------ MATERIAL SHOWN
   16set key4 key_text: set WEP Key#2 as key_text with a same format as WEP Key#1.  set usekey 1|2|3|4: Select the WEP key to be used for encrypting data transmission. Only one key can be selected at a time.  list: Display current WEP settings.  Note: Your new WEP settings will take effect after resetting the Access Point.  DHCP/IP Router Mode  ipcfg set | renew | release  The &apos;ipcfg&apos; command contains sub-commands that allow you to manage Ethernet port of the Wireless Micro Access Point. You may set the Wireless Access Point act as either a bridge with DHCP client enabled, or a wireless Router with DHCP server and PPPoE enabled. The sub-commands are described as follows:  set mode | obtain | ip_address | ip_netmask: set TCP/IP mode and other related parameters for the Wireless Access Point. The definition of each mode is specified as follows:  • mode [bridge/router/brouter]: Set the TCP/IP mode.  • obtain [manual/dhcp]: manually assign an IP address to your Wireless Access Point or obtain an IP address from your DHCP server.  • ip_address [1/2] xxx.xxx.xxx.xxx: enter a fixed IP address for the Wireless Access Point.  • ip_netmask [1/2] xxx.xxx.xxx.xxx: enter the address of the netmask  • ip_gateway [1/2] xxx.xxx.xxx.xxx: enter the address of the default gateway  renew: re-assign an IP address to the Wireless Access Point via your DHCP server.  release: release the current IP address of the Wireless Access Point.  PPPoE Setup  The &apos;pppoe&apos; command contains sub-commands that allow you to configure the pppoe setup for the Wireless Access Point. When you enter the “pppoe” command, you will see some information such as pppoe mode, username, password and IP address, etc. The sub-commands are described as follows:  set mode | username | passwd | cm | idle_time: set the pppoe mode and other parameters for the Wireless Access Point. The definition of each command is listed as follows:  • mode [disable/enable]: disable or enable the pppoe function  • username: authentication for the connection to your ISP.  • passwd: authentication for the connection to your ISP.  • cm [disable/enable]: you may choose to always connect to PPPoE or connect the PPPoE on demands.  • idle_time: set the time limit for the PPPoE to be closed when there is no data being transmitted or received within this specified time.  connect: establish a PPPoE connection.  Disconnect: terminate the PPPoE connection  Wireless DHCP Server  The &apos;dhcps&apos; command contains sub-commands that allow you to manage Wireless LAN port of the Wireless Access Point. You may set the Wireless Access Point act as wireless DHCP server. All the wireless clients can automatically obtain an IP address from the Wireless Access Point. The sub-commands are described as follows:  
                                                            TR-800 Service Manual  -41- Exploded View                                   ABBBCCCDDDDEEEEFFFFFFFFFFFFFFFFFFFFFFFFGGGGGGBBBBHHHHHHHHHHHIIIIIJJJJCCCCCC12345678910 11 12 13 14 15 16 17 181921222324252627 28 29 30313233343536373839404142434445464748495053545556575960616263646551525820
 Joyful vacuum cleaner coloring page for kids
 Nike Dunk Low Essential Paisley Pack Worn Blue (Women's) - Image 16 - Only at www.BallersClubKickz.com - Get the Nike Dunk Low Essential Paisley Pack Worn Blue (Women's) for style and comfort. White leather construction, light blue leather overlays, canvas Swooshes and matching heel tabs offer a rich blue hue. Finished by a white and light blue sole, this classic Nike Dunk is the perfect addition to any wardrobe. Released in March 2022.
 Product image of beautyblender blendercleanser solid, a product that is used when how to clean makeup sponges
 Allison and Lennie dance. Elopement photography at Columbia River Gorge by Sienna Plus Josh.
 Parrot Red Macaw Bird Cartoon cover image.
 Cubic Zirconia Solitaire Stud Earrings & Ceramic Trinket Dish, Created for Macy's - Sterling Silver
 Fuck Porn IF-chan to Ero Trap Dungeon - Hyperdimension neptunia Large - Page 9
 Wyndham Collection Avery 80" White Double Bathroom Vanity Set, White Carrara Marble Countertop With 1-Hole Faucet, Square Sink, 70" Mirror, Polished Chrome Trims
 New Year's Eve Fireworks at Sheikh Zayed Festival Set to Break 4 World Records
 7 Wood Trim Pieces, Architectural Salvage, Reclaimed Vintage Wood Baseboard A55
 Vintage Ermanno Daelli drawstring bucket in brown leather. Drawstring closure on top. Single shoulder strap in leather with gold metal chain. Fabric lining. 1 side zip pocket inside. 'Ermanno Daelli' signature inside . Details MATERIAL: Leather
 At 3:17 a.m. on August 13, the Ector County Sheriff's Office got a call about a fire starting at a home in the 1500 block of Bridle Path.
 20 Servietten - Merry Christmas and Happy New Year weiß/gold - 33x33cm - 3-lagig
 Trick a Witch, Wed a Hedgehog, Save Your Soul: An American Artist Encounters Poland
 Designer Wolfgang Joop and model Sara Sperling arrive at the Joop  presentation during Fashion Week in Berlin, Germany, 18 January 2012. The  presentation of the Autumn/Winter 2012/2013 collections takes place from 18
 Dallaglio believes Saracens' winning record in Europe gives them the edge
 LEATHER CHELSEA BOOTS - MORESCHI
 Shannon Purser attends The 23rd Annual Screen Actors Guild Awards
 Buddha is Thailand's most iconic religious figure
------------
WHAT YOU NEED TO DO: Each entry should be reproduced in the output exactly.

TASK SOLUTION:
   16set key4 key_text: set WEP Key#2 as key_text with a same format as WEP Key#1.  set usekey 1|2|3|4: Select the WEP key to be used for encrypting data transmission. Only one key can be selected at a time.  list: Display current WEP settings.  Note: Your new WEP settings will take effect after resetting the Access Point.  DHCP/IP Router Mode  ipcfg set | renew | release  The &apos;ipcfg&apos; command contains sub-commands that allow you to manage Ethernet port of the Wireless Micro Access Point. You may set the Wireless Access Point act as either a bridge with DHCP client enabled, or a wireless Router with DHCP server and PPPoE enabled. The sub-commands are described as follows:  set mode | obtain | ip_address | ip_netmask: set TCP/IP mode and other related parameters for the Wireless Access Point. The definition of each mode is specified as follows:  • mode [bridge/router/brouter]: Set the TCP/IP mode.  • obtain [manual/dhcp]: manually assign an IP address to your Wireless Access Point or obtain an IP address from your DHCP server.  • ip_address [1/2] xxx.xxx.xxx.xxx: enter a fixed IP address for the Wireless Access Point.  • ip_netmask [1/2] xxx.xxx.xxx.xxx: enter the address of the netmask  • ip_gateway [1/2] xxx.xxx.xxx.xxx: enter the address of the default gateway  renew: re-assign an IP address to the Wireless Access Point via your DHCP server.  release: release the current IP address of the Wireless Access Point.  PPPoE Setup  The &apos;pppoe&apos; command contains sub-commands that allow you to configure the pppoe setup for the Wireless Access Point. When you enter the “pppoe” command, you will see some information such as pppoe mode, username, password and IP address, etc. The sub-commands are described as follows:  set mode | username | passwd | cm | idle_time: set the pppoe mode and other parameters for the Wireless Access Point. The definition of each command is listed as follows:  • mode [disable/enable]: disable or enable the pppoe function  • username: authentication for the connection to your ISP.  • passwd: authentication for the connection to your ISP.  • cm [disable/enable]: you may choose to always connect to PPPoE or connect the PPPoE on demands.  • idle_time: set the time limit for the PPPoE to be closed when there is no data being transmitted or received within this specified time.  connect: establish a PPPoE connection.  Disconnect: terminate the PPPoE connection  Wireless DHCP Server  The &apos;dhcps&apos; command contains sub-commands that allow you to manage Wireless LAN port of the Wireless Access Point. You may set the Wireless Access Point act as wireless DHCP server. All the wireless clients can automatically obtain an IP address from the Wireless Access Point. The sub-commands are described as follows:  
                                                            TR-800 Service Manual  -41- Exploded View                                   ABBBCCCDDDDEEEEFFFFFFFFFFFFFFFFFFFFFFFFGGGGGGBBBBHHHHHHHHHHHIIIIIJJJJCCCCCC12345678910 11 12 13 14 15 16 17 181921222324252627 28 29 30313233343536373839404142434445464748495053545556575960616263646551525820
 Joyful vacuum cleaner coloring page for kids
 Nike Dunk Low Essential Paisley Pack Worn Blue (Women's) - Image 16 - Only at www.BallersClubKickz.com - Get the Nike Dunk Low Essential Paisley Pack Worn Blue (Women's) for style and comfort. White leather construction, light blue leather overlays, canvas Swooshes and matching heel tabs offer a rich blue hue. Finished by a white and light blue sole, this classic Nike Dunk is the perfect addition to any wardrobe. Released in March 2022.
 Product image of beautyblender blendercleanser solid, a product that is used when how to clean makeup sponges
 Allison and Lennie dance. Elopement photography at Columbia River Gorge by Sienna Plus Josh.
 Parrot Red Macaw Bird Cartoon cover image.
 Cubic Zirconia Solitaire Stud Earrings & Ceramic Trinket Dish, Created for Macy's - Sterling Silver
 Fuck Porn IF-chan to Ero Trap Dungeon - Hyperdimension neptunia Large - Page 9
 Wyndham Collection Avery 80" White Double Bathroom Vanity Set, White Carrara Marble Countertop With 1-Hole Faucet, Square Sink, 70" Mirror, Polished Chrome Trims
 New Year's Eve Fireworks at Sheikh Zayed Festival Set to Break 4 World Records
 7 Wood Trim Pieces, Architectural Salvage, Reclaimed Vintage Wood Baseboard A55
 Vintage Ermanno Daelli drawstring bucket in brown leather. Drawstring closure on top. Single shoulder strap in leather with gold metal chain. Fabric lining. 1 side zip pocket inside. 'Ermanno Daelli' signature inside . Details MATERIAL: Leather
 At 3:17 a.m. on August 13, the Ector County Sheriff's Office got a call about a fire starting at a home in the 1500 block of Bridle Path.
 20 Servietten - Merry Christmas and Happy New Year weiß/gold - 33x33cm - 3-lagig
 Trick a Witch, Wed a Hedgehog, Save Your Soul: An American Artist Encounters Poland
 Designer Wolfgang Joop and model Sara Sperling arrive at the Joop  presentation during Fashion Week in Berlin, Germany, 18 January 2012. The  presentation of the Autumn/Winter 2012/2013 collections takes place from 18
 Dallaglio believes Saracens' winning record in Europe gives them the edge
 LEATHER CHELSEA BOOTS - MORESCHI
 Shannon Purser attends The 23rd Annual Screen Actors Guild Awards
 Buddha is Thailand's most iconic religious figure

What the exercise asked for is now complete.